Book Review by Catherine A. Hamilton
A Long, Long Time Ago and Essentially True by Brigid Pasulka
(Mariner Books, 416 pp., $14.43 paperback)
When the award-winning twenty-three-year-old author Brigid Pasulka fell in love with Poland, she fell hard! Luckily, she took us with her!
In A Long, Long Time Ago and Essentially True, Pasulka’s debut novel, readers are taken captive in a fanciful fairy tale where history and fantasy dance and the magical and tragic collide. The storytelling reaches across Poland and stitches together two generations of one Polish family—the joys and emotional scars of the past are pieced like a patchwork quilt of pain and triumph.
Europe is on the brink of WWII, but in the Polish hamlet of Half-Village, a beautiful young woman named Anielica, famed as the loveliest girl in the land, is wooed by a young artisan nicknamed “the Pigeon.” In one short summer, the Pigeon transforms Anielica’s parents’ home into a near palace to win her hand in marriage. But the outbreak of war derails the young lovers’ fairy-tale wedding. And unspeakable disaster strikes Half-Village.

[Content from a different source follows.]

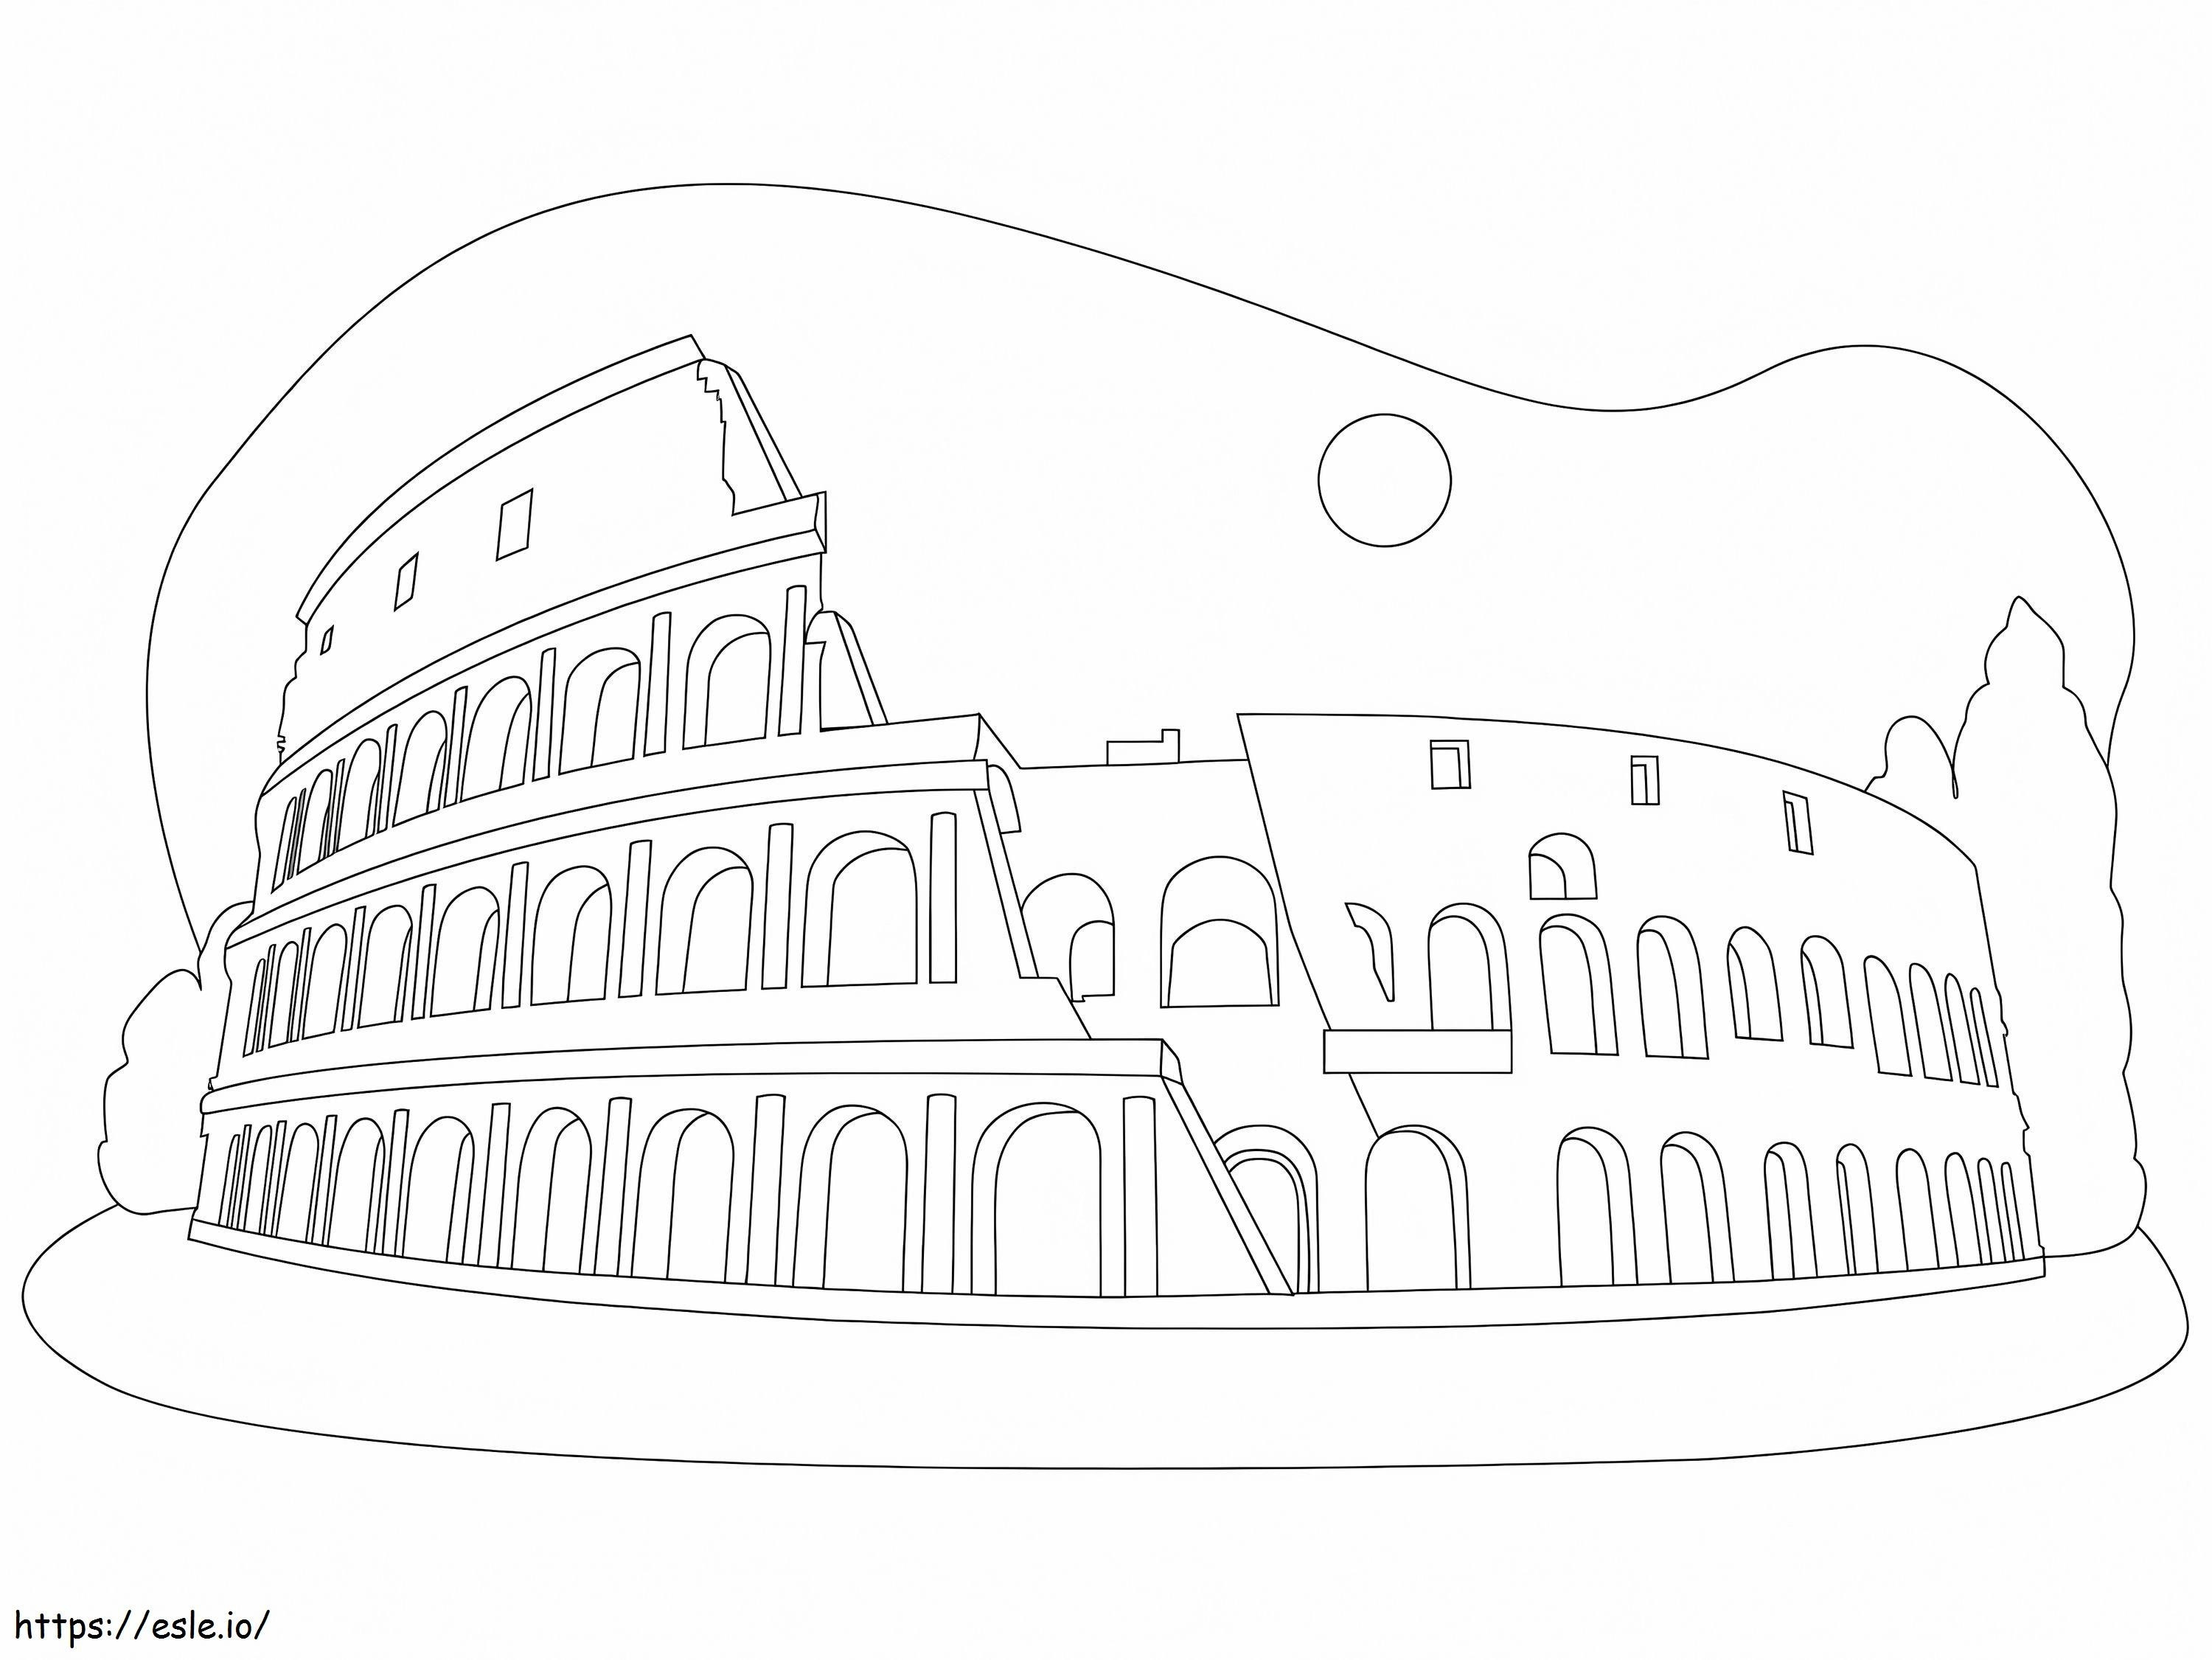 Das Kolosseum ausmalbilder

Fifty years later, Anielica and Pigeon’s granddaughter retraces her grandparents’ footsteps from Half-Village to Kraków. Beata, nicknamed Baba Yaga, hopes to find fortune in the new post-communist Poland. She lives with her elder cousin Irena and Irena’s pretty daughter Magda. And unwittingly she becomes the healing force in this troubled mother-daughter relationship. That is, until a tragic event changes the happy threesome forever. The young Baba Yaga carries the burden of finding the darkest secrets of the past and present. She must discover for herself where she fits in her family. Alone, she must decide whether to try her hand at filmmaking in New Poland or escape to America.

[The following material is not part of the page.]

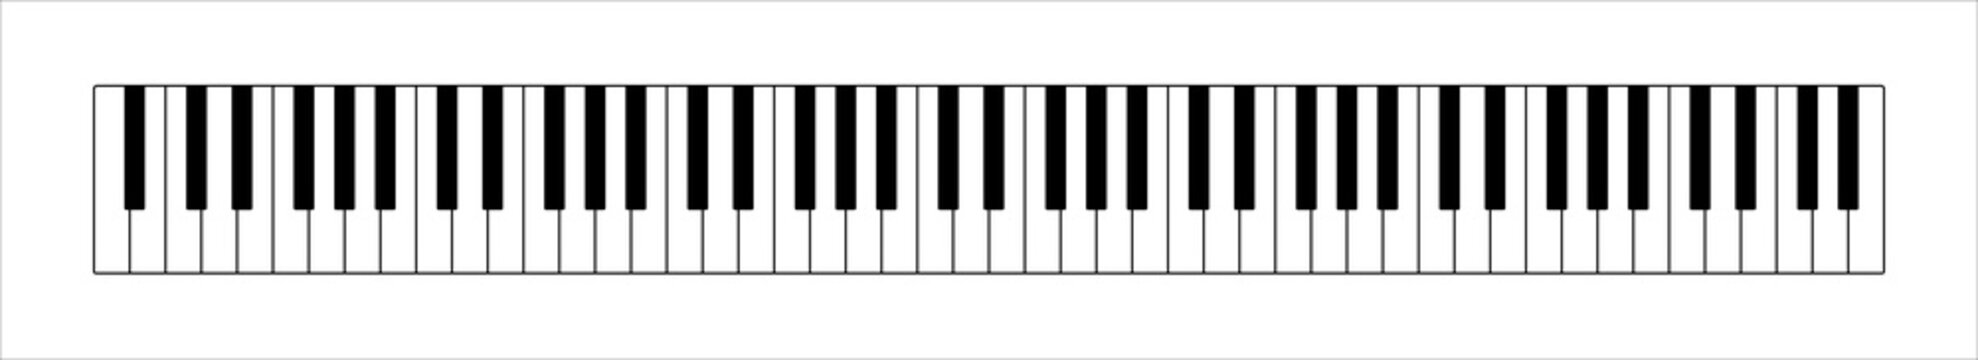 Piano keyboard. Piano vector diagram. Musical instrument illustration.

Pasulka’s infatuation with the dynamics of romance and her Polish heritage creates a wonderfully nuanced and complicated read that is altogether charming. Fanciful, insightful, magical, and sometimes as dark as real life can be, A Long, Long Time Ago and Essentially True is a delightful work of literature.
I absolutely recommend this book to any lover of historical fiction or to anyone whose grandmother or grandfather left the country of their birth and never returned.
This is a love story that I’ll never forget.